All commercial and public buildings should conduct and register with the HSE a survey done by a registered consultant identifying the location, type and condition of asbestos containing materials. The HSE to be allocated appropriate resources to maintain the register and enforce legislation. There also needs to be a real risk of random inspections and enforcement, to do this the HSE needs to be properly resourced.


It would also aid in identifying asbestos where asbestos exposure may have occurred when the exposure was not due to occupational history but rather may have occurred at school or public buildings.


Current occupational data is inadequate and does not reflect the working lives of those diagnosed with Mesothelioma. The average age of someone diagnosed with Mesothelioma is 74 and sadly, following death, occupational background is not recorded for over 75’s.


Does HSE commit adequate resources to asbestos management in line with the level of risk?

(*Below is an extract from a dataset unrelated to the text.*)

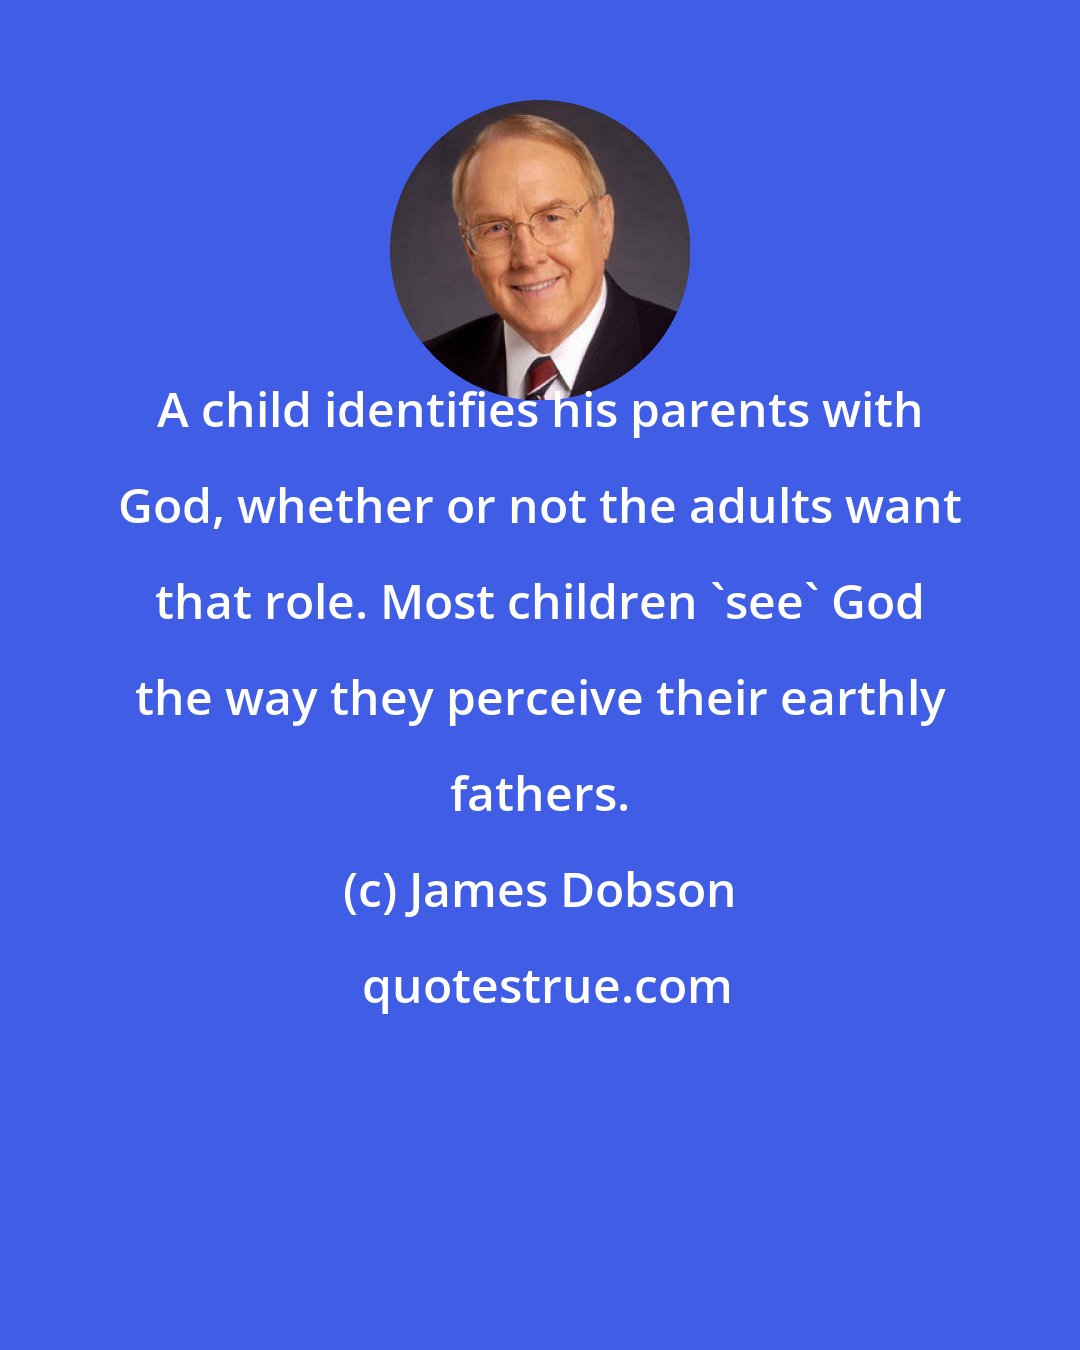 James Dobson: A child identifies his parents with God, whether or not the adults want that role. Most children 'see' God the way they perceive their earthly fathers.

Once again this is a question of resources and how much the Government places on the importance of safely managing asbestos.  Frequent cuts have left the HSE under-resourced.  Campaigns such as the ‘Hidden Killer’ campaign, although focussing on awareness, serves to prove that the HSE needs more resources. Campaign material was reported to have been seen by 85% of the target group and 76% said they would take or had planned to take precautions to prevent exposure when working.  The campaign needed more resources, but was discontinued and the HSE given insufficient resources to build on this successful campaign.

How robust is the available data about the risks and impact of asbestos in the workplace? What gaps in evidence need to be filled?

Of the asbestos management models from the current HSE ‘leave in situ’ approach to eradication of asbestos, there is no available data to compare how these approaches save lives. 


Despite the presence of asbestos in our hospitals, schools and public buildings, there is no asbestos mandatory training for people employed in these settings. They are not advised of its presence, educated how to monitor it or avoid exposure.